→ **DATASET CONTENT**
◆ ◆ ◆

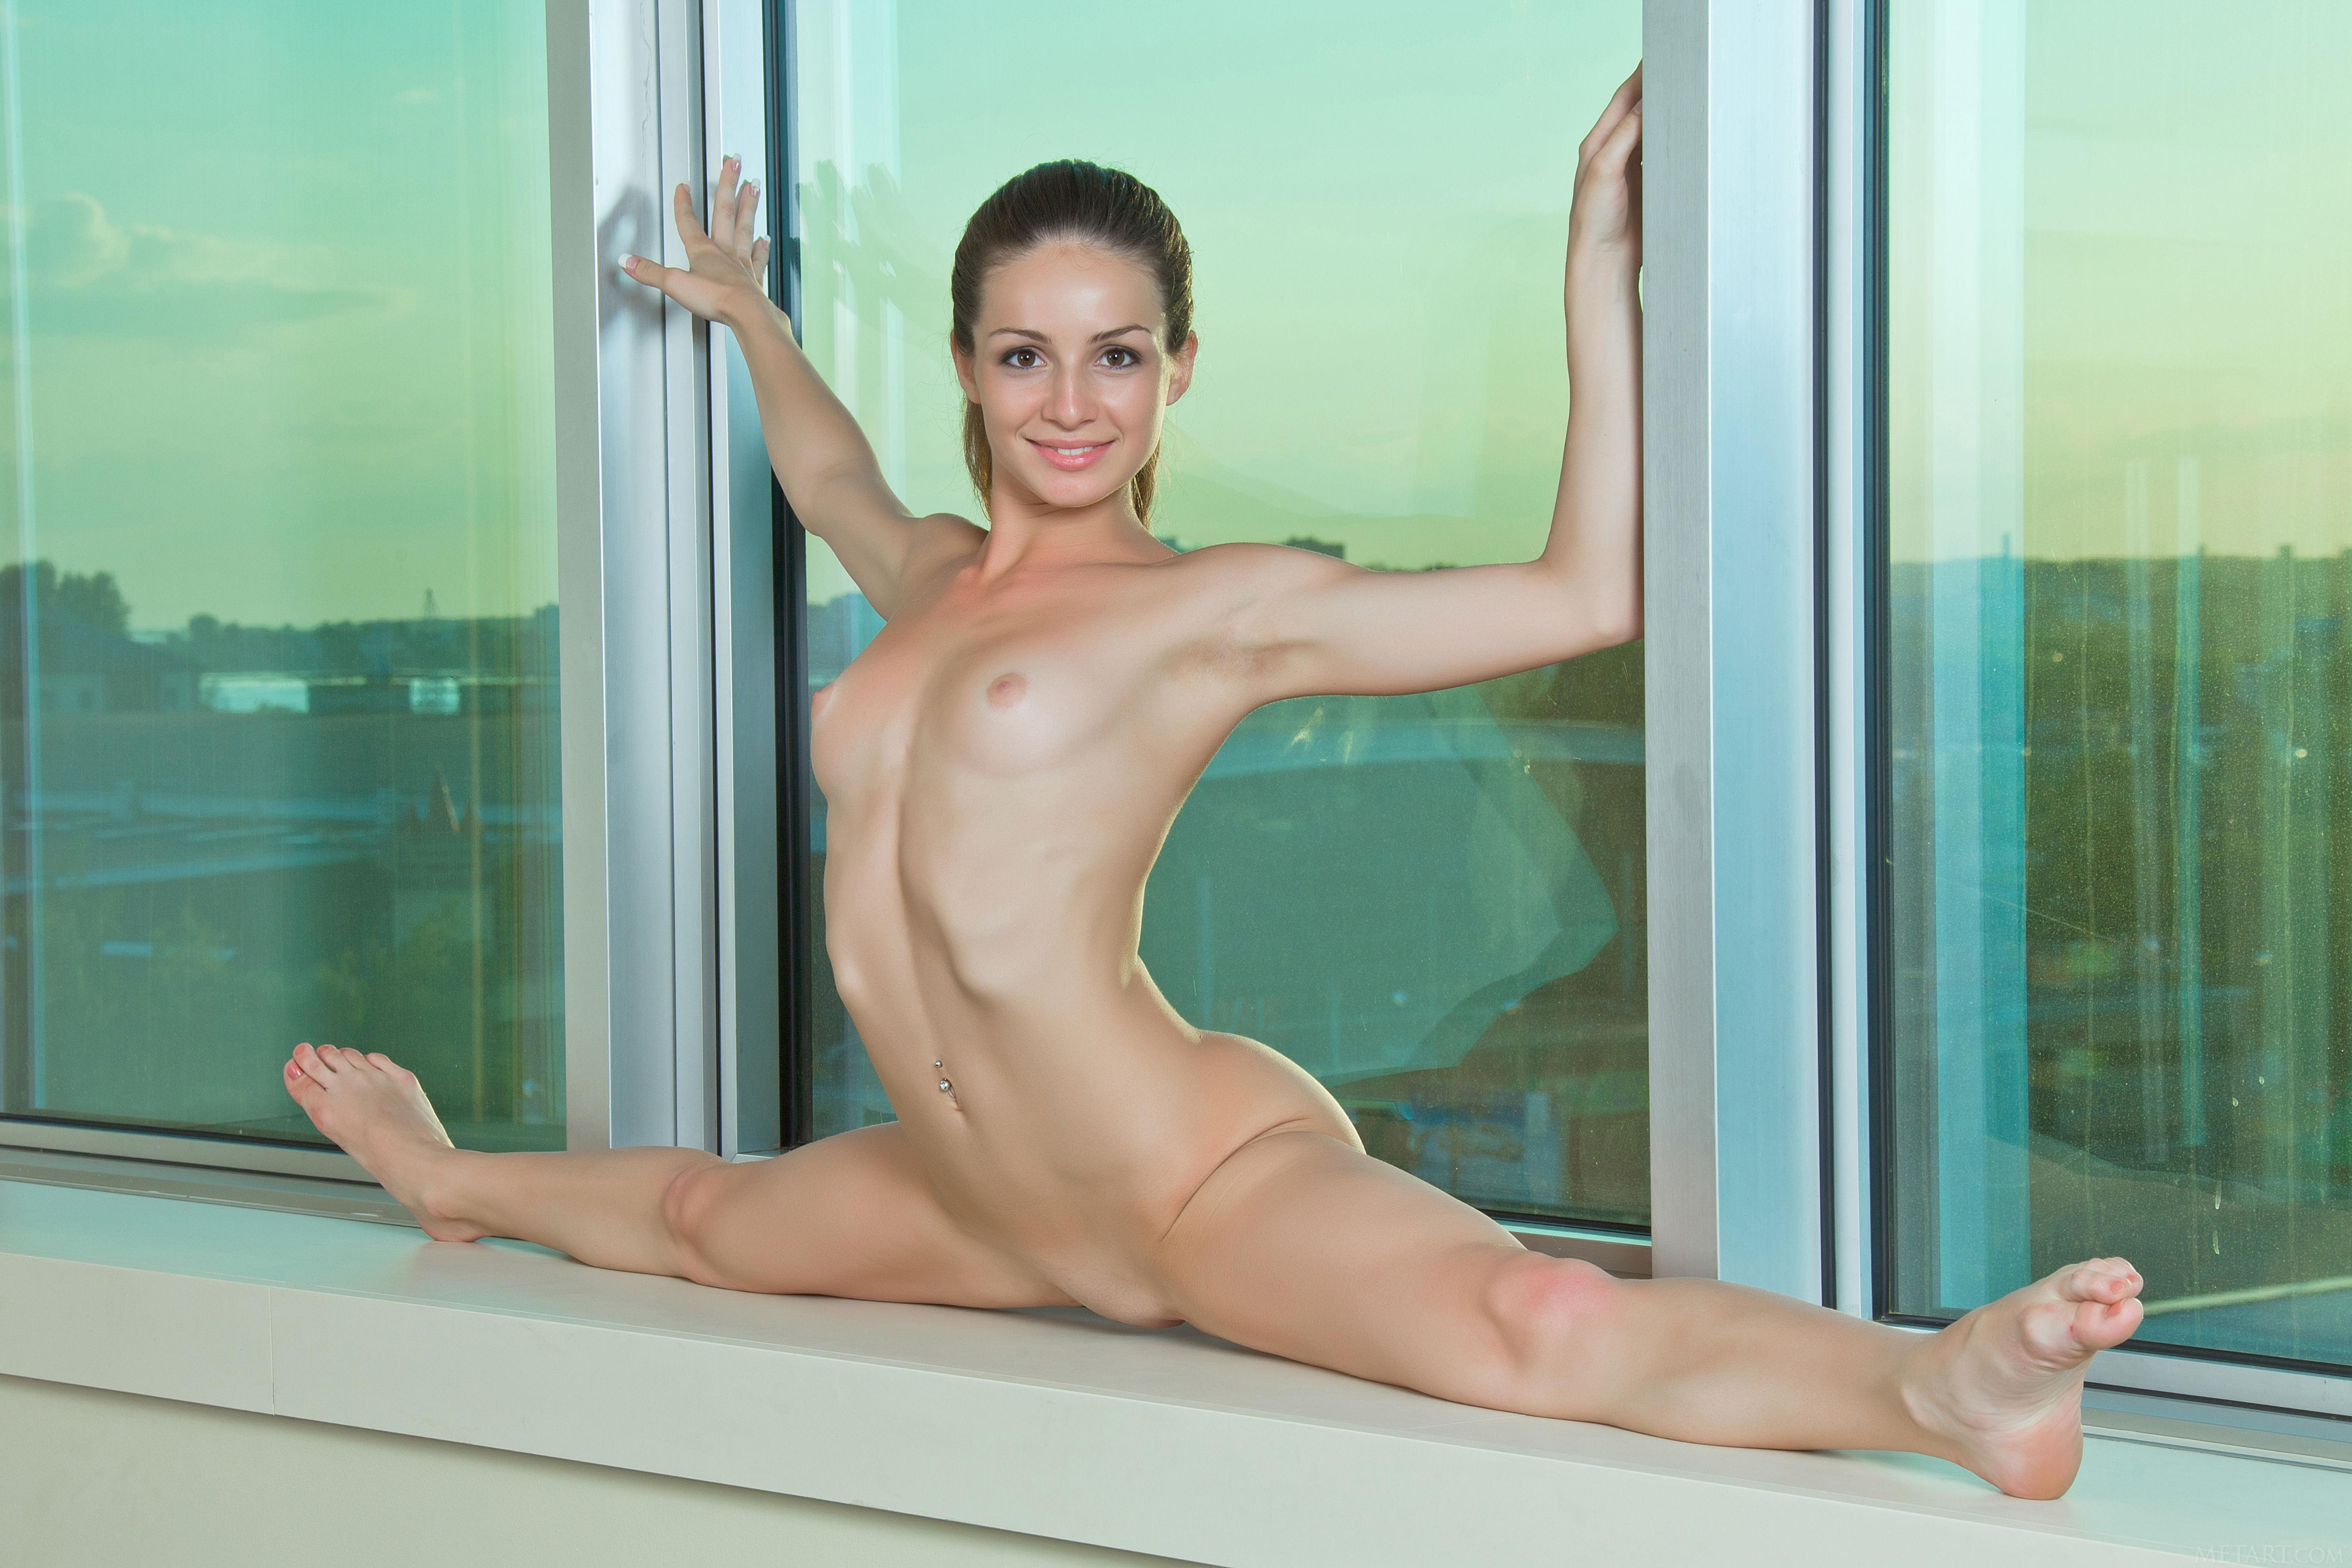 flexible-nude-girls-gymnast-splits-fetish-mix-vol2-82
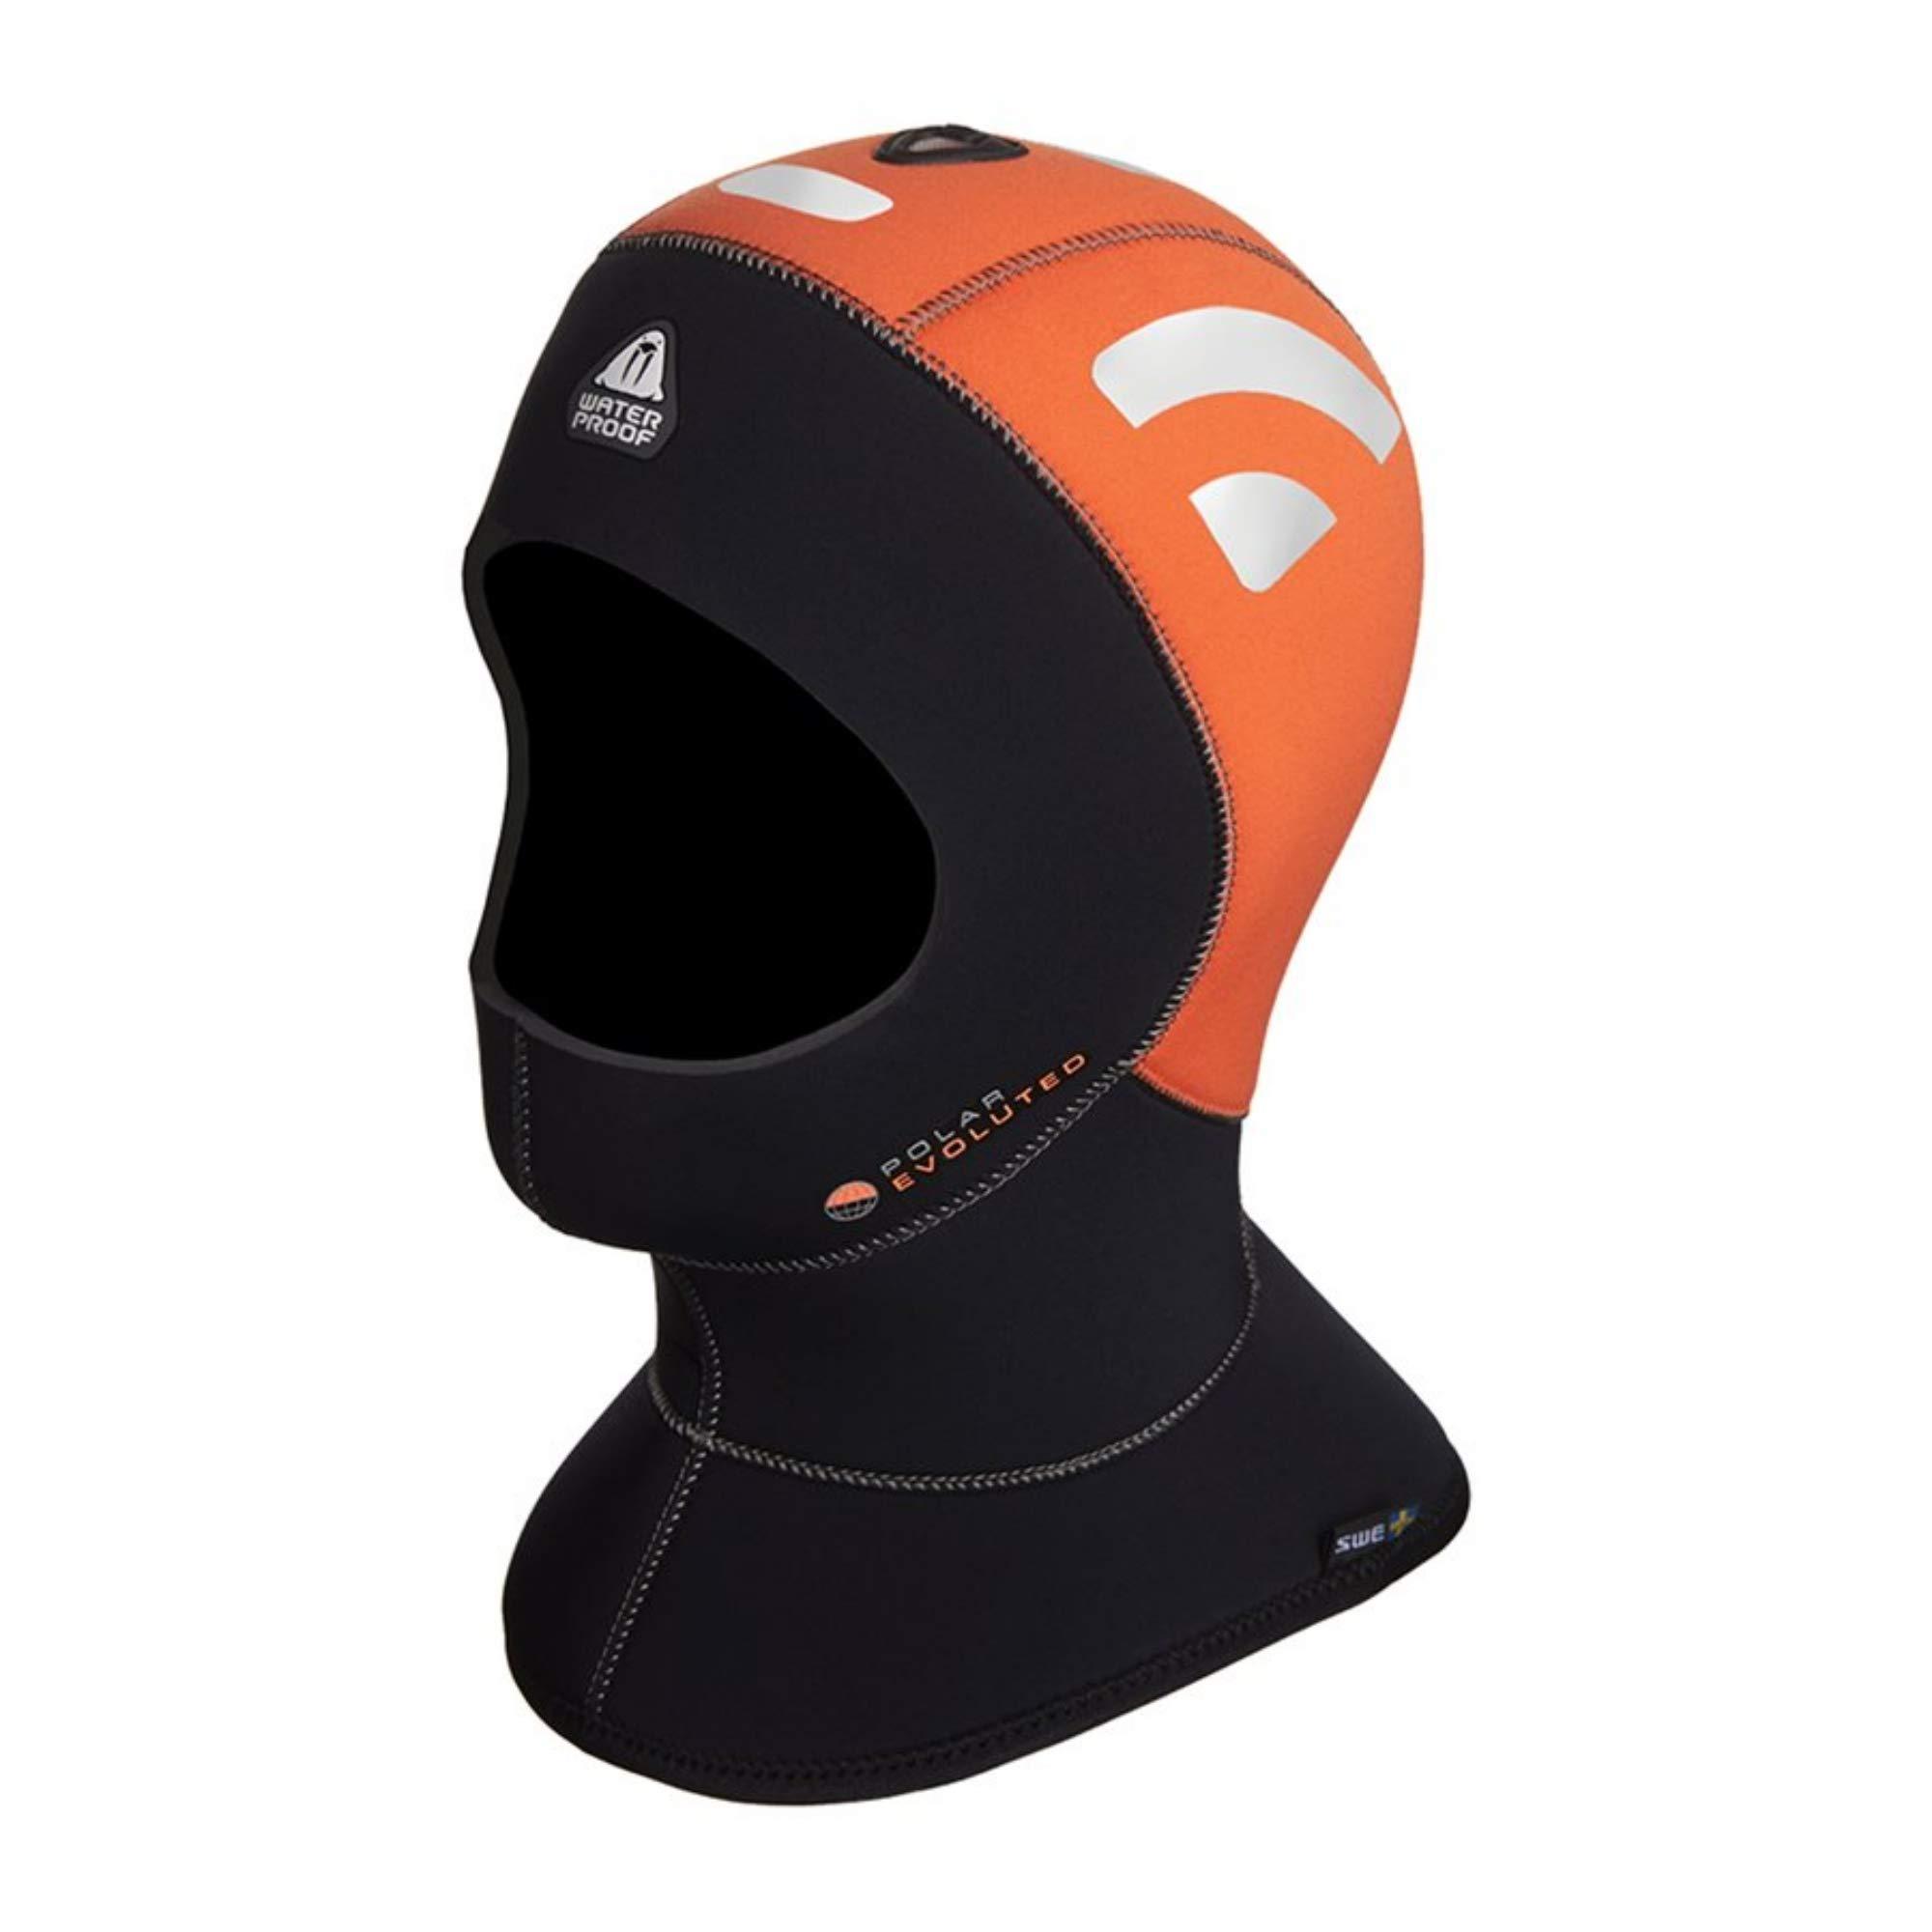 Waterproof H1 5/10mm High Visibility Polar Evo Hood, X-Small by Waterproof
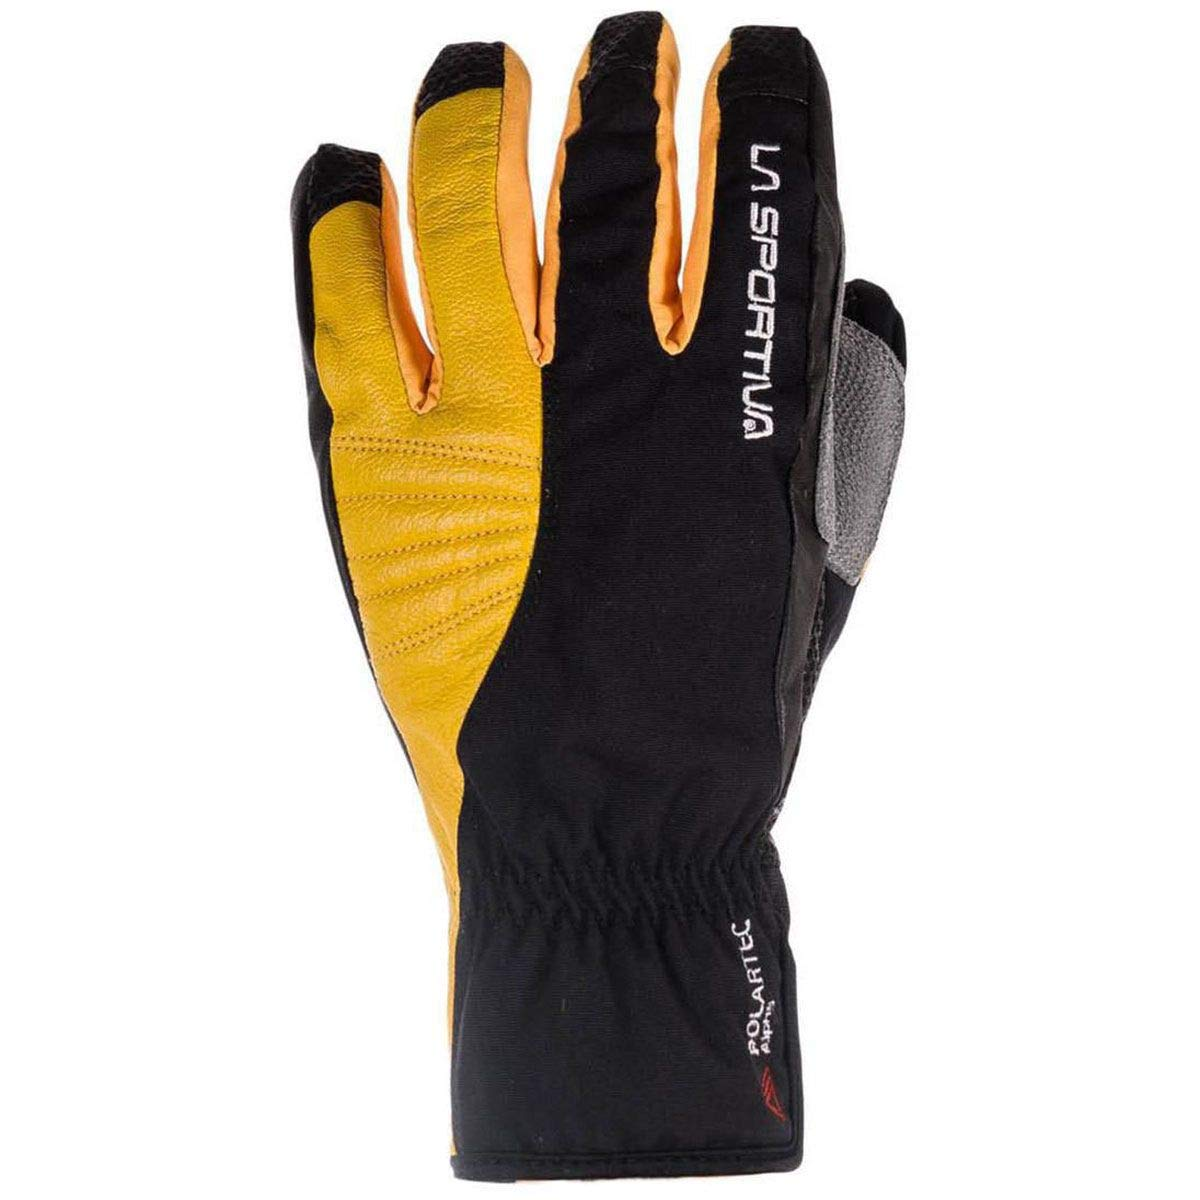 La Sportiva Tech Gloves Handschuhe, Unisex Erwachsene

◆ ◆ ◆

→ **TASK DIRECTIONS**
All of the data needs repeating exactly, but the pictures do not.

→ **OUTPUT BELOW**
 flexible-nude-girls-gymnast-splits-fetish-mix-vol2-82
 Waterproof H1 5/10mm High Visibility Polar Evo Hood, X-Small by Waterproof
 La Sportiva Tech Gloves Handschuhe, Unisex Erwachsene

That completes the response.